Identification of structural similarity

We compared EQR of the alignments obtained with the six methods. There is a considerable correlation between all methods regarding the EQR [see Additional file 3, Figure S1]. In particular the correlation is high between CE and DALI, as observed previously with the ASTRAL40 set. MATRAS tends to show lower correlation with FATCAT and SHEBA. The correlation regarding RMSD100 is much lower. For example, between CE and DALI the correlation is 0.34 (Pearson) and 0.76 (Spearman).
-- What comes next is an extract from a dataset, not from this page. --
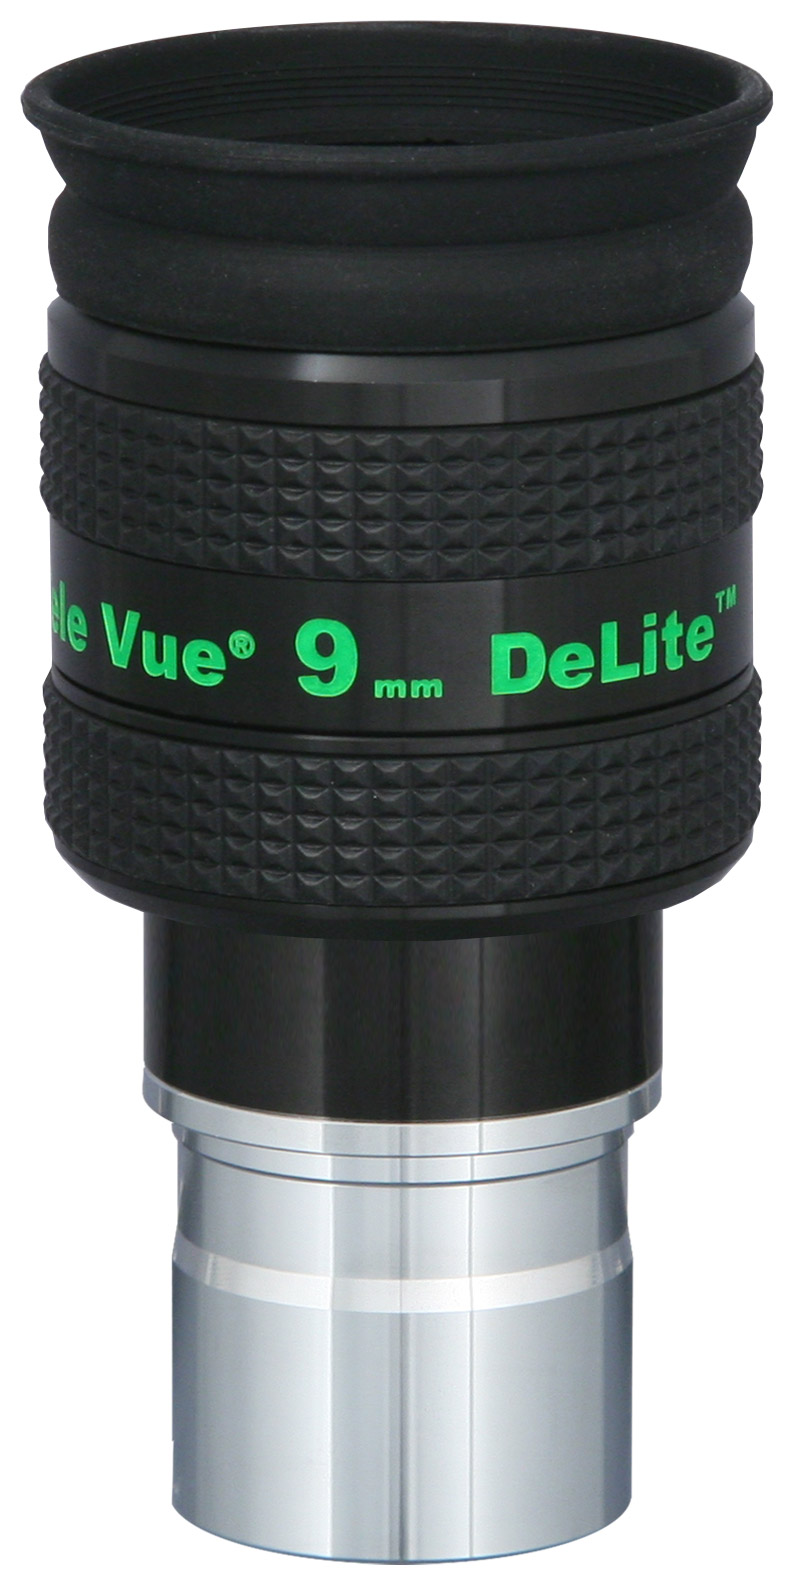 DeLite 9mm Eyepiece

The distribution of the differences of the length of the alignments generated by two methods for each pair of structures are given in Figure S2 in Additional file 3. In general SHEBA and FATCAT generate longer alignments than the other methods, while C α -match generates the shortest alignments. Similar analysis of RMSD100 differences indicates that C α -match has the smallest RMSD100, while SHEBA and to a less extent MATRAS alignments tend to have larger RMSD100.

Alignment consistency

The consistency between alignments from different methods was measured according to A0 and A4 over the SISY set. The distributions of the A0 and A4 values for each pair of methods are shown in Figure 3 as box-and-whisker plots, the corresponding histograms are available in Figure S3 and Figure S4 in the Additional file 3. The spread of the A0 values is rather large. FATCAT and C α -match have the lowest alignment consistency according to A0. The best consistency according to A0 is observed between DALI and MATRAS, between CE and DALI, and between CE and MATRAS. The A4 distributions have considerably higher median values, but otherwise the trends are similar to the A0 results.

Figure 3
figure 3

Consistency of alignments between the six methods measured in the SISY set. Box-and-whisker plots of the distributions of consistency values were computed for all 15 combinations of the six methods. CA stands for C α -match in all figure labels. A: A0 distribution. B: A4 distribution.
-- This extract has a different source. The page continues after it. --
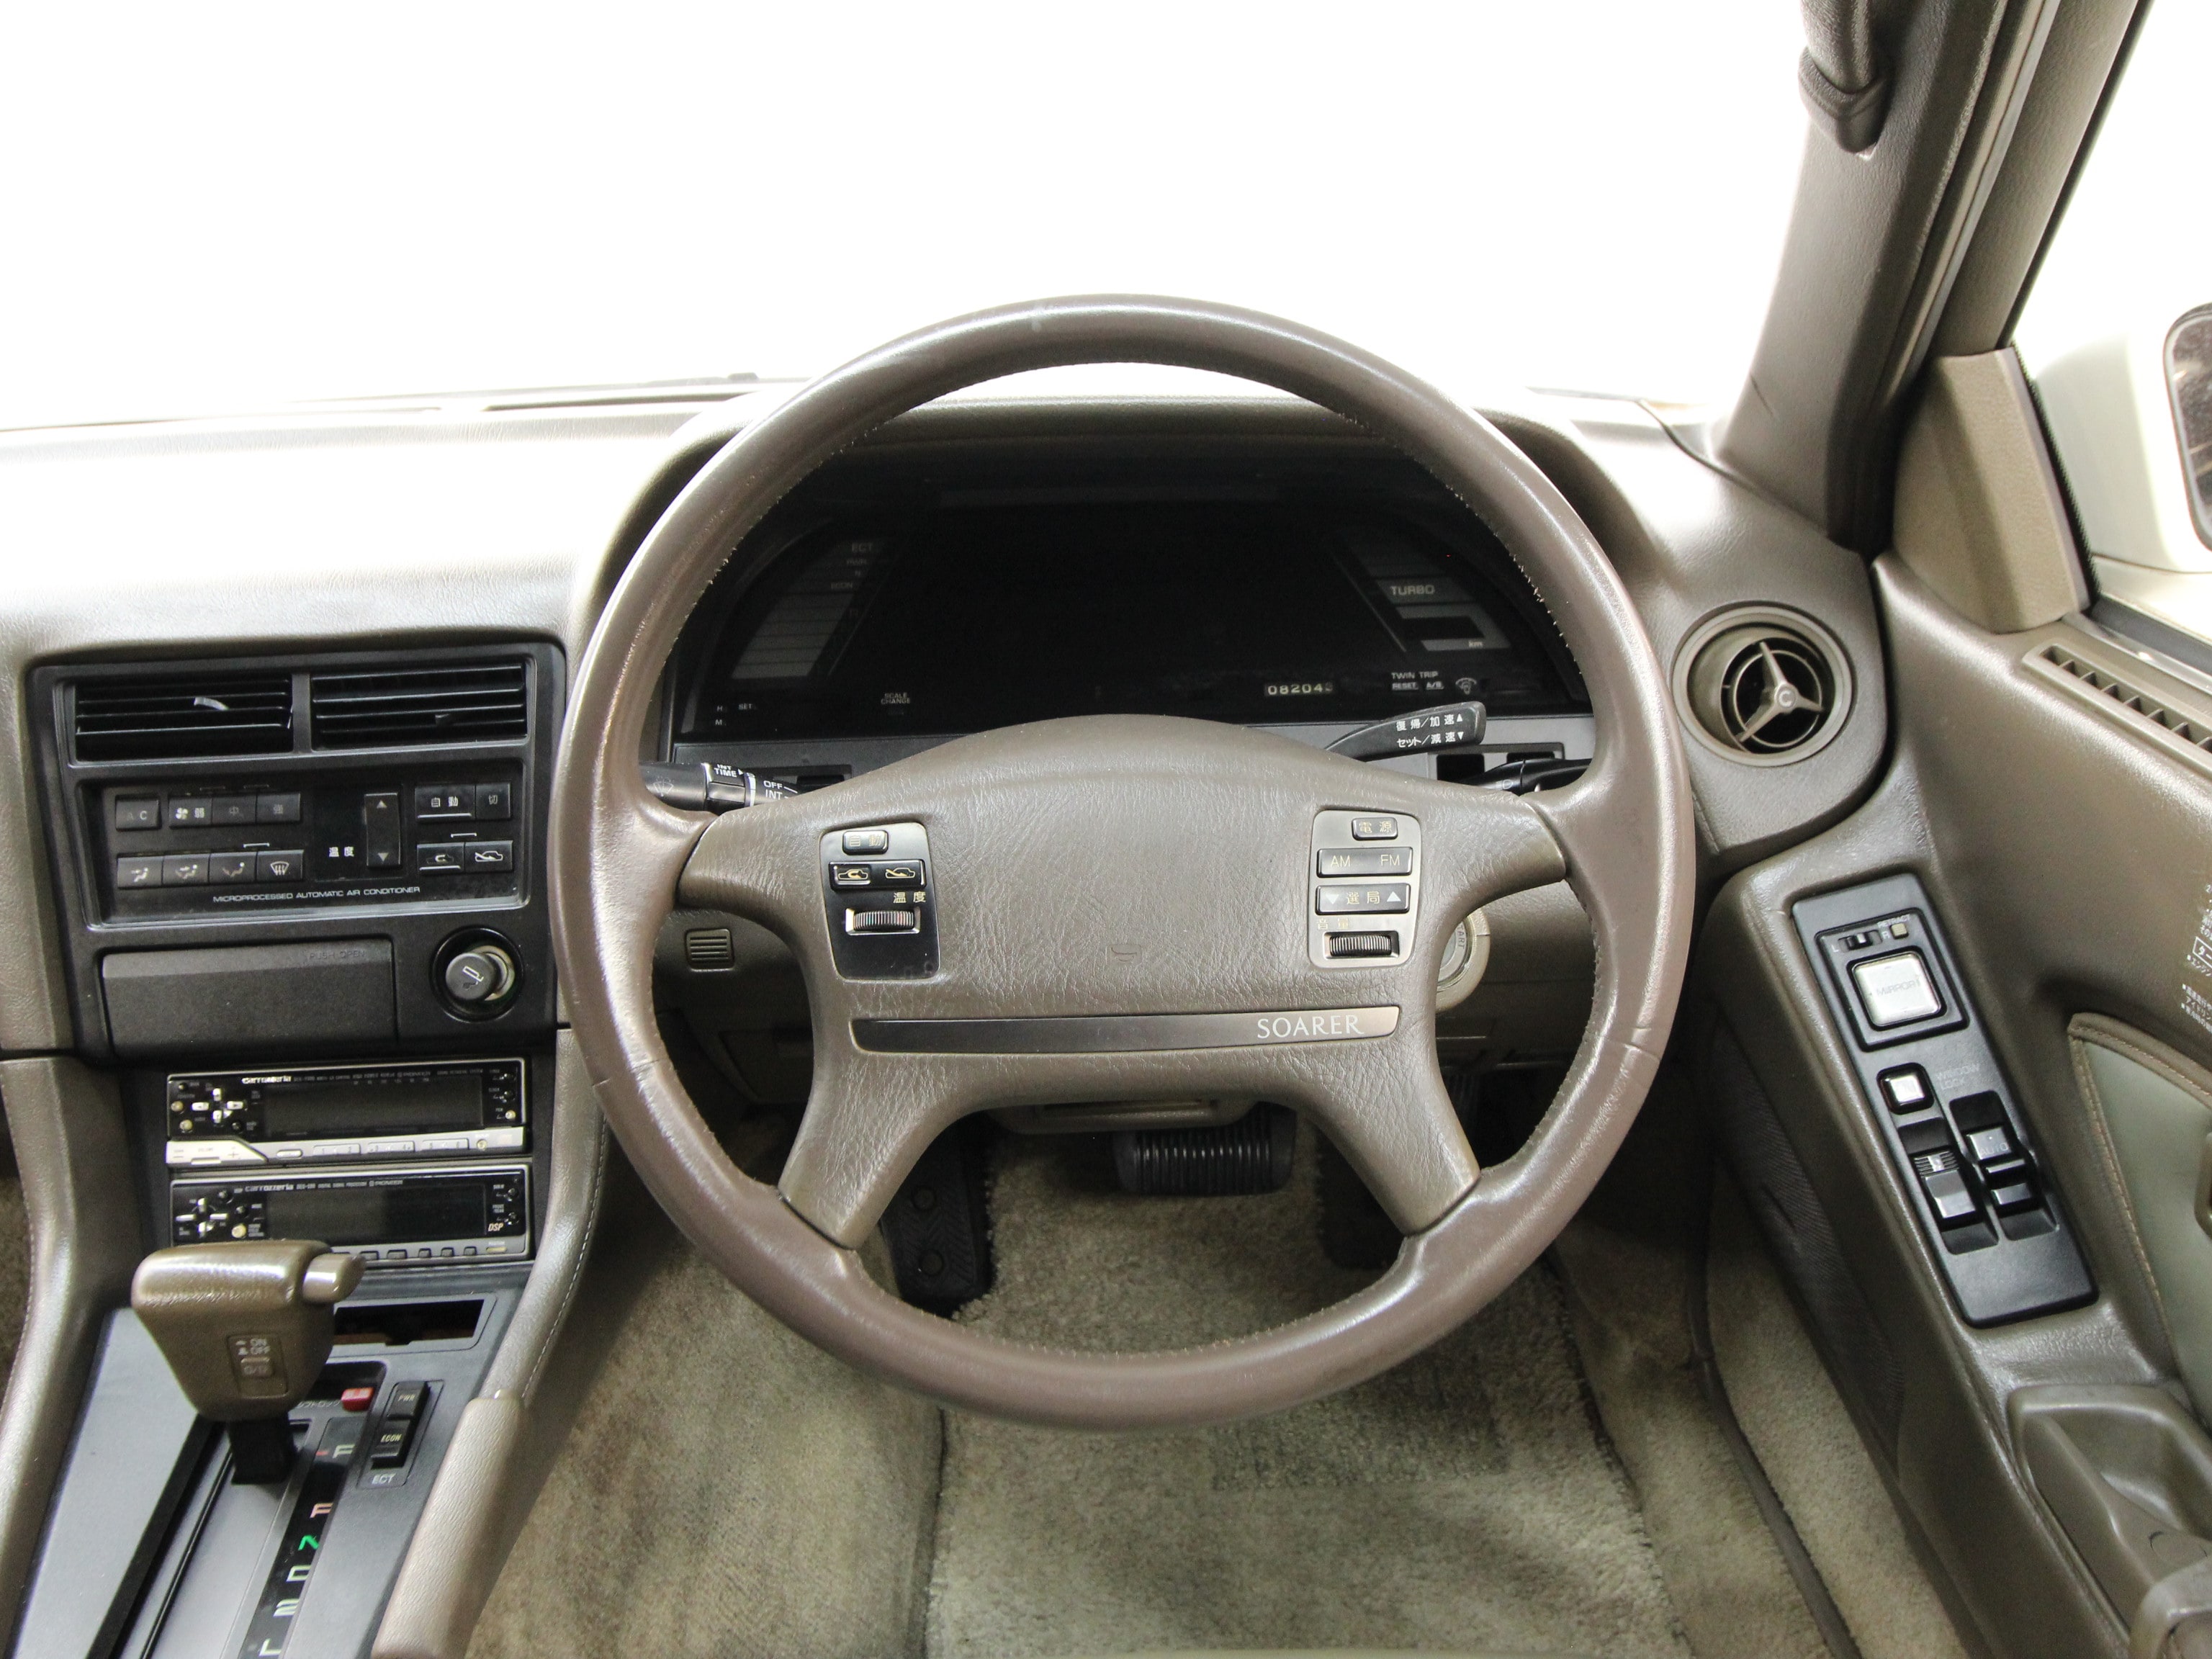 1989 Toyota Soarer 10

In order to group the methods according to the alignment consistency we used the mean values of A0 and A4 as well as the median values to compute several dissimilarity measures. Two dissimilarity measures were computed of the type d = 1 - M, where M is the mean of A0 or A4. Hierarchical clustering [38] was applied using the four alternative dissimilarity measures. The silhouette width value is a measure of cluster quality [39] and was applied to select the best number of clusters. The best average silhouette width values were obtained with two clusters using any of the two dissimilarity measures. One of the clusters included only the C α -match method and the remaining cluster included the other five methods. The silhouette width values were usually below 0.5. This indicates that the cluster quality is low, and that the methods are uniformly distinct regarding alignment consistency.

The alignment agreement between all six methods is in general much lower than between any pair of methods. When A0 is computed based on the number of aligned residues in common by all six methods, then the alignment consistency is 0.0 for 42%, and 64% have A0 ≤ 0.20.
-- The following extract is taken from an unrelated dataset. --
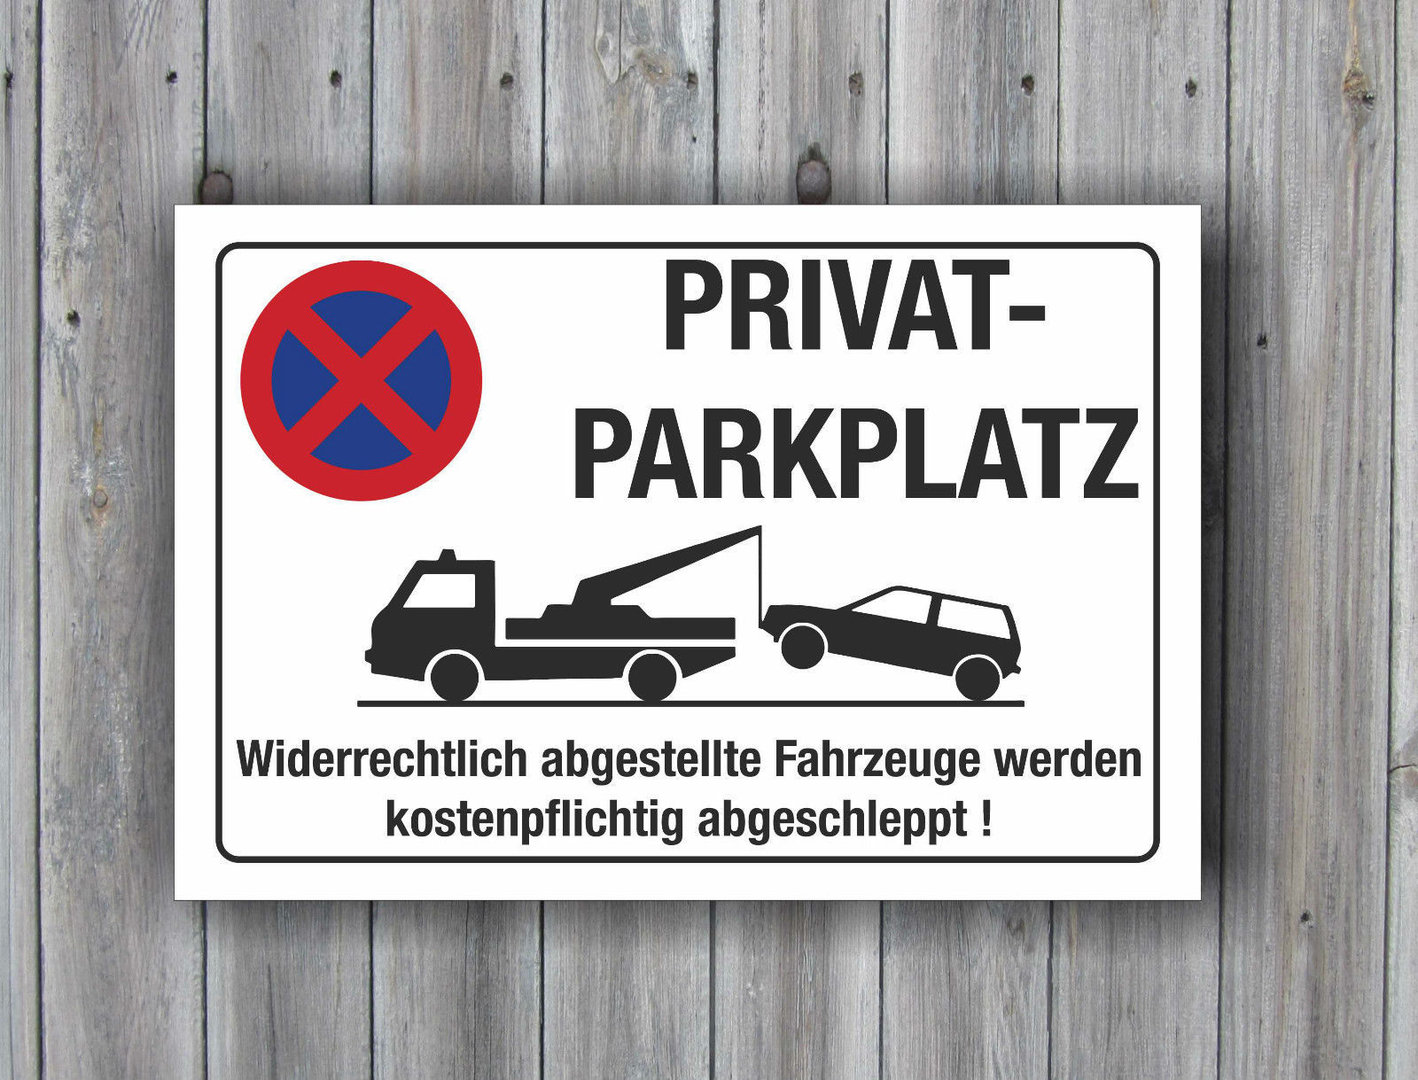 Schild Besucherparkplatz Parkplatz Besucher 3 mm Alu Verbund

To summarise, the alignment agreement between two methods shows a large spread, and the observed range of medians is 0.3 - 0.8. If alignment shifts of up to four residues are tolerated, then the range of medians increases to 0.5 - 0.9. C α -match alignments tend to be less consistent with the alignments from other methods. The alignment agreement over all six methods is much lower, with 42% of the pairs sharing no aligned residues over all methods.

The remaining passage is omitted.